Tuesday, October 12, 2010

Il nido del ragno (1988)

... aka: Spider Labyrinth, The
... aka: Spider's Nest, The

Directed by:
Gianfranco Giagni

Dallas college professor Alan Whitmore (Roland Wybenga), who specializes in "oriental languages" and has a recurring nightmare about being trapped in a room with a spider as a child, is given an important, top-secret mission by his superiors. He has been overseeing something called "The Intextus Project;" a study of religions across the globe, and now his backers want him to travel to Budapest to check in on Leo Roth, another professor working on the project who has disappeared. Upon arriving in Budapest, Alan meets up with a sexy female contact - Genevieve Weiss (Paola Rinaldi) - who begins showing him around. He locates the missing colleague, who has been feigning mental illness and hands Alan an ancient tablet the second his stern wife Sylvia (Margareta von Krauss) turns her back. Back at his hotel, he's introduced to the proprietess, Mrs. Kuhn (Stéphane Audran), who behaves rather strangely and puts him up in a room conveniently located directly across from where Genevieve lives. And Genevieve likes to stand around topless by an open window a lot.

It isn't long before people start dying, starting with Professor Roth, who's found hanging from a chandelier. When the police investigate, Mrs. Roth is nowhere to be found and Alan is informed that the victim wasn't even married. Maid Maria (Claudia Muzi), who tells Alan he better get out while the getting is good, is next up. There's also a strange, nameless man (played by William Berger) who's lives underneath the city and has been pulling our thick hero aside and telling him he better leave because he might be "sucked into the vortex." Needless to say, Alan doesn't listen, and eventually he discovers that nearly the entire district is involved in a weird religious cult that has something to do with spiders. To be precise, they worship a mutant baby who gives birth to spiders that crawl under the skin on your arm and possess you. Also working for the baby-mutant-messiah-thingy is some kind of hissing witch (also played by von Krauss) who viciously kills whoever theatens to expose the cult.

Clearly, the director has been inspired by the films of Italian horror masters Dario Argento and Mario Bava. It's well-scored, has good cinematography, decent acting (aside from the lead, who's handsome but a bit one-note) and the supernatural scenes are colorful and stylishly done. A scene of a nightgown-clad victim being stalked between sheets blowing in the wind while bold greens and blues flash will remind one instantly of Argento's SUSPIRIA (1977) and INFERNO (1980). A shot directly down a spiral staircase and the fact the witch tosses a small ball into a room before murdering her victims are direct visual nods to Bava's KILL, BABY... KILL! (1966). Hitchcock and Polanski are also liberally sampled in both premise (oblivious man begins to slowly realize that everyone he meets is basically conspiring against him and no one can be trusted) and execution. In fact, the film references so many others that it doesn't really take on an identity of its own until near the end. It does however deserve credit for a truly bizarre finale employing stop motion special effects.
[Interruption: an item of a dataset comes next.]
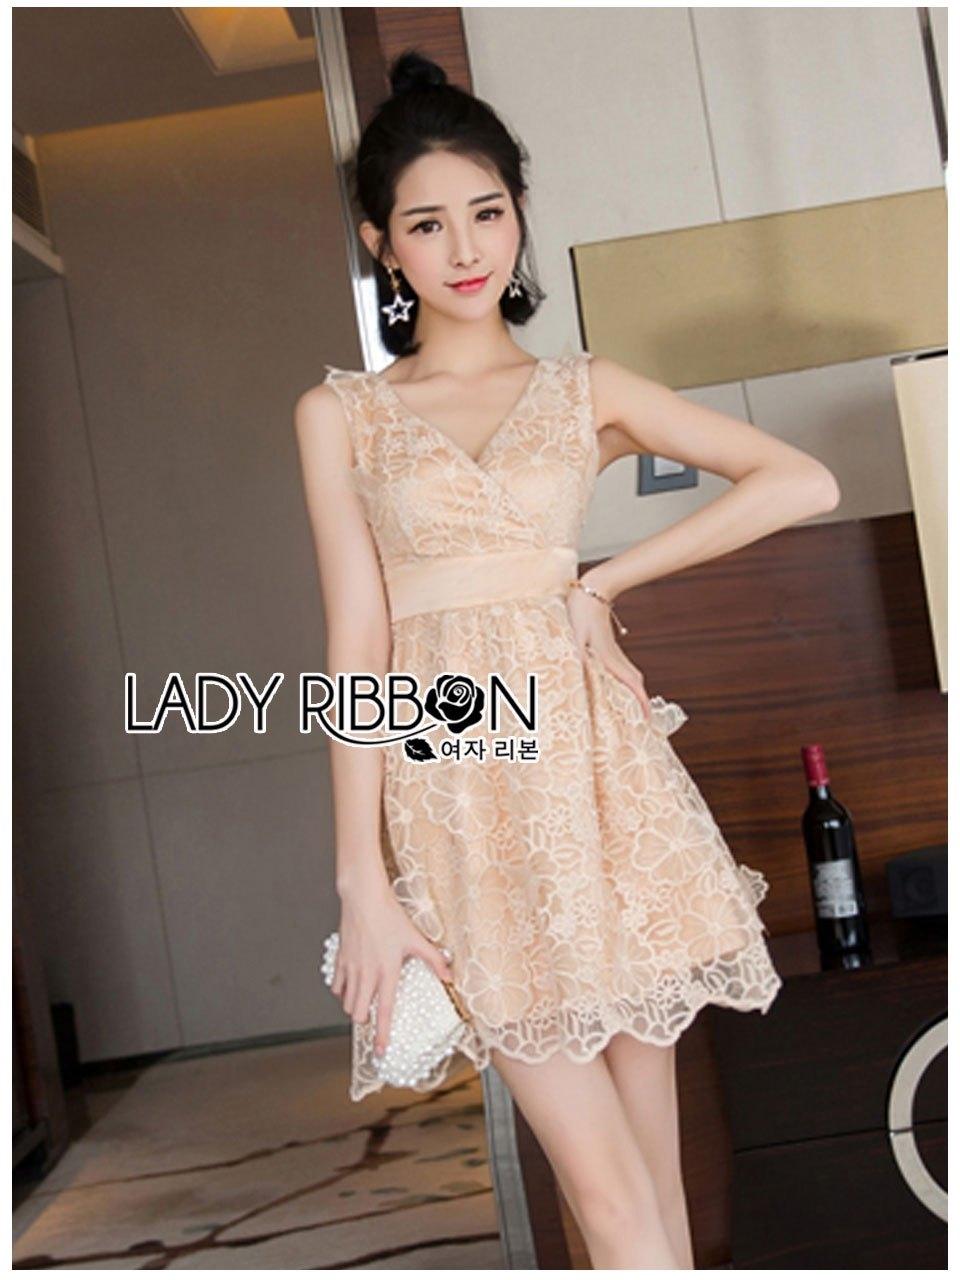 เสื้อผ้าเกาหลีพร้อมส่ง ค็อกเทลเดรสผ้าออร์แกนซ่าปักลายดอกไม้แบบ3D
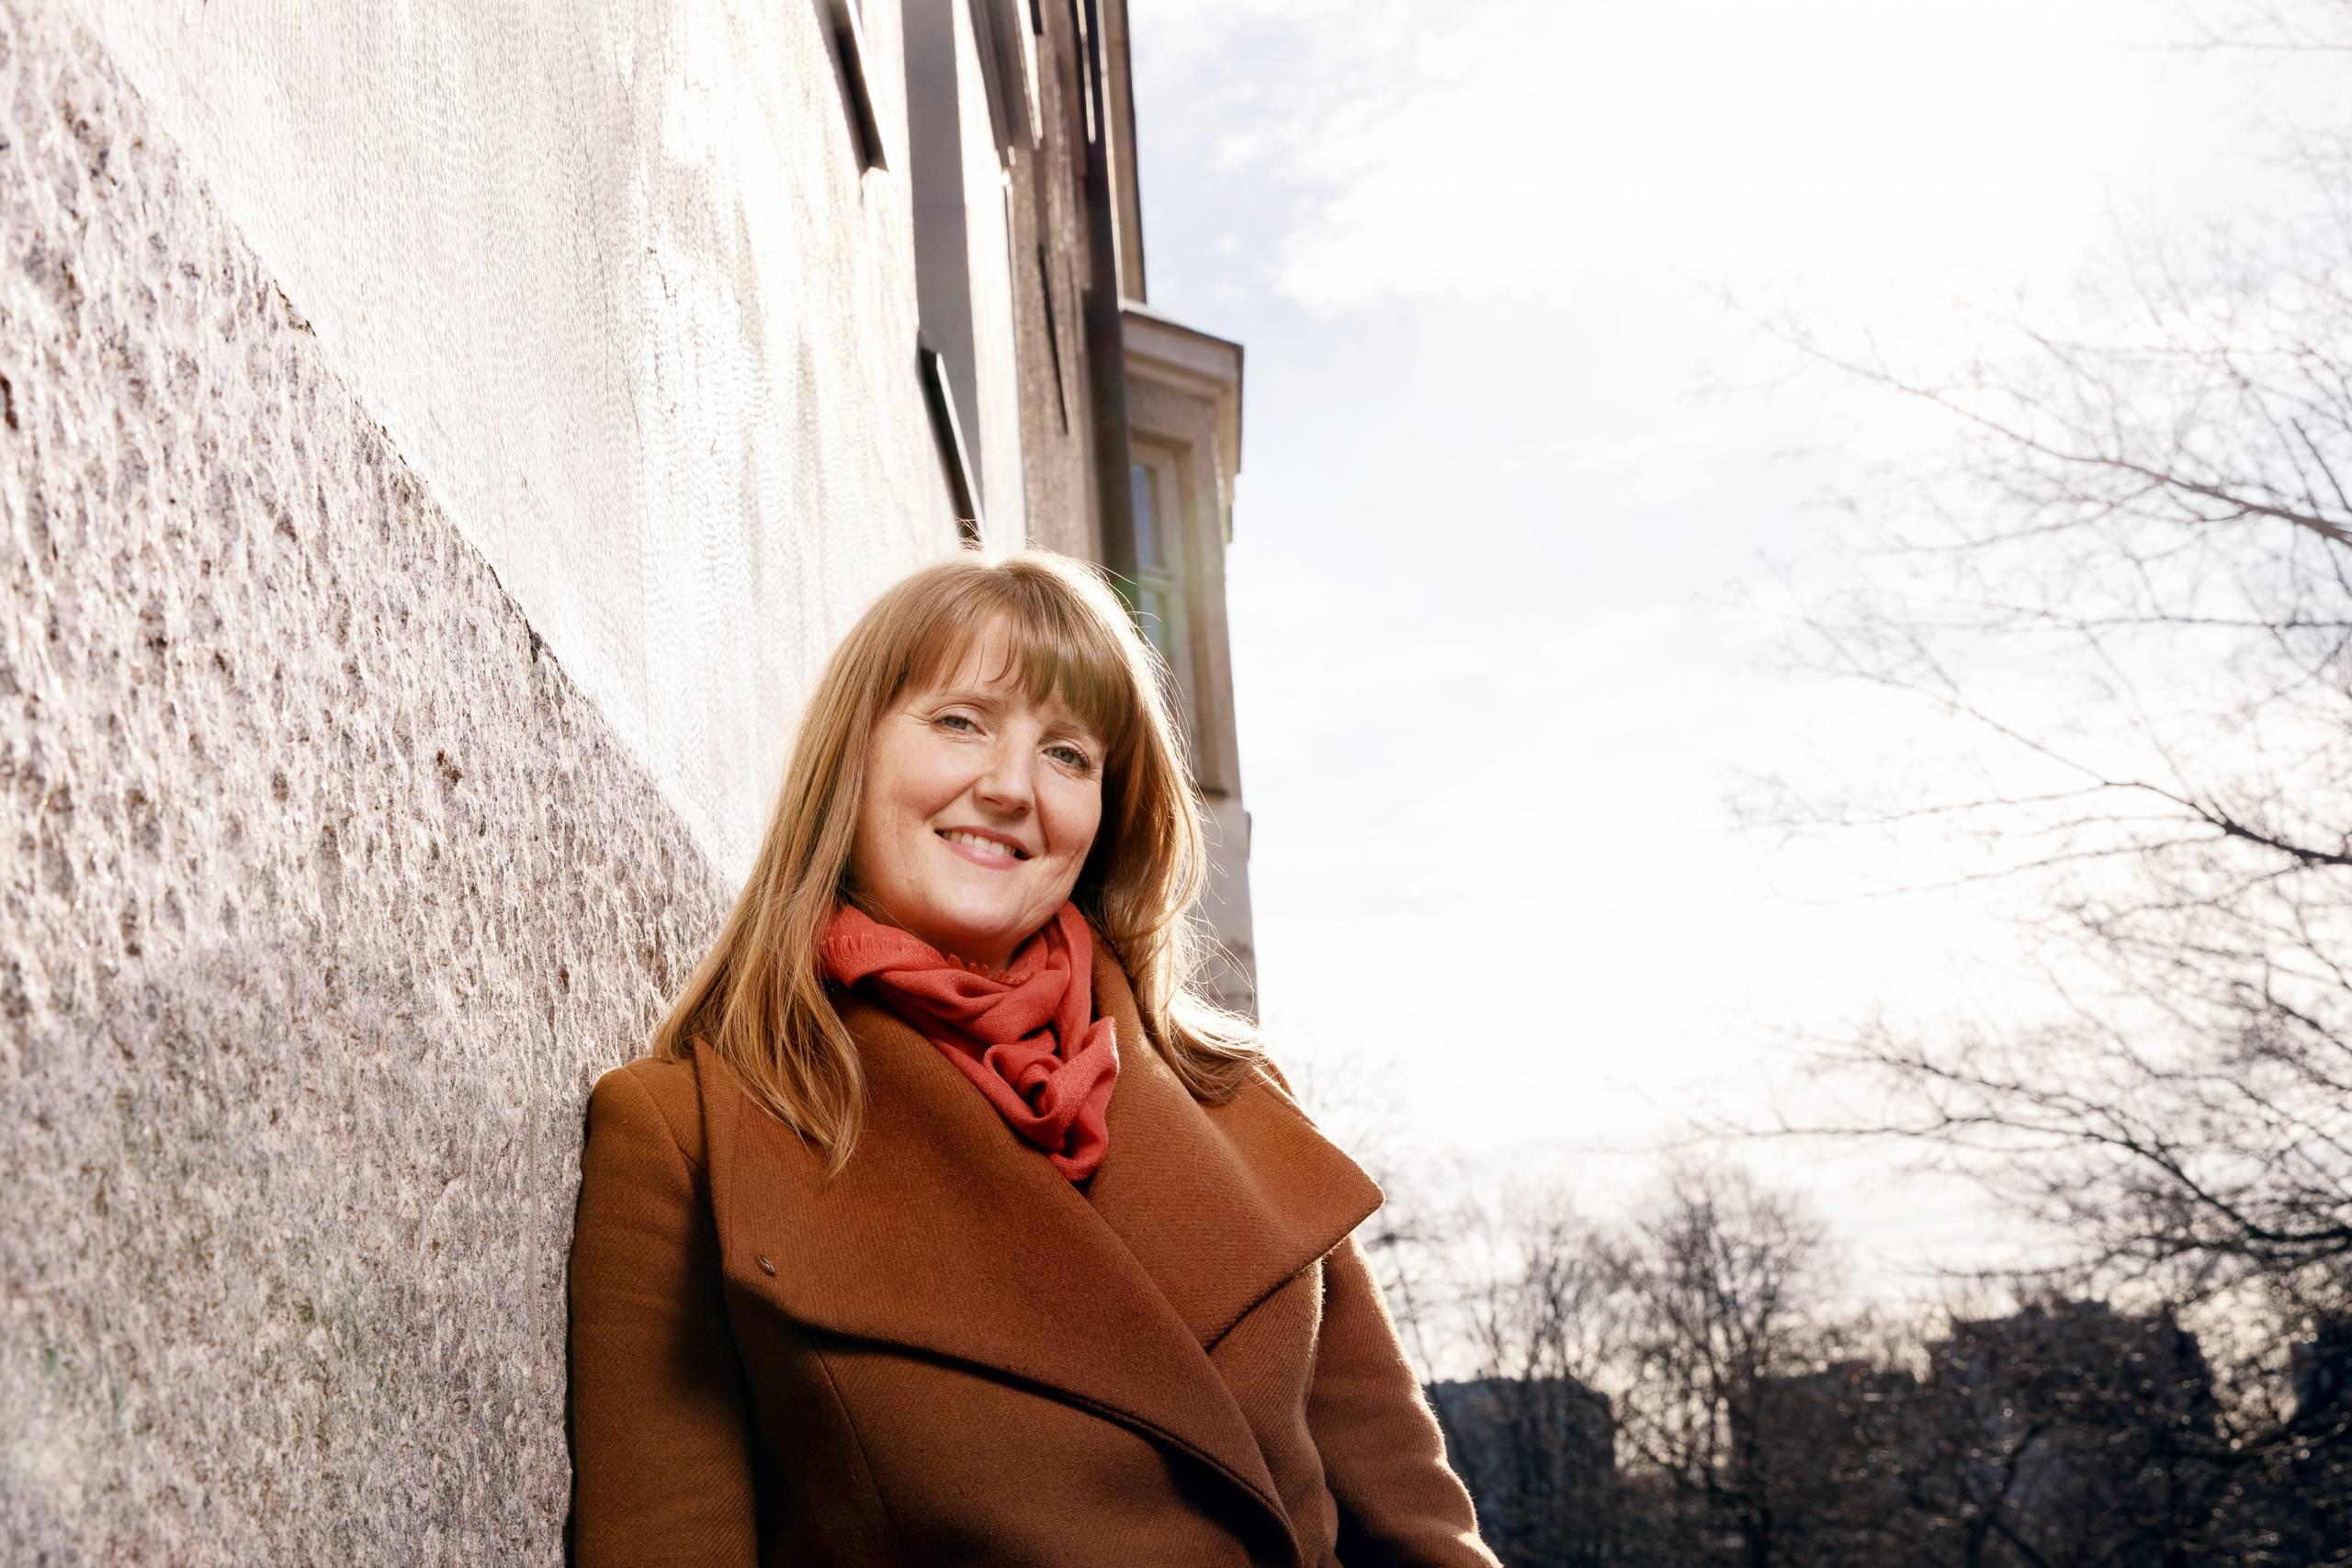 Arilyn-yrityksen toimitusjohtaja Emmi Jouslehto nojaa seinään ja katsoo suoraan kameraan. Taustalla näkyy rakennus ja puu.

Sadly, THE SPIDER LABYRINTH wasn't very well distributed in the United States and doesn't seem to have much of a following. I'm not aware of any legit U.S. VHS release and for years the best one could hope for was watching a bootleg copy (most of which were derived from the Japanese VHS release). In 2009, the film finally received a DVD release, though I can't vouch for its quality since I saw the video version.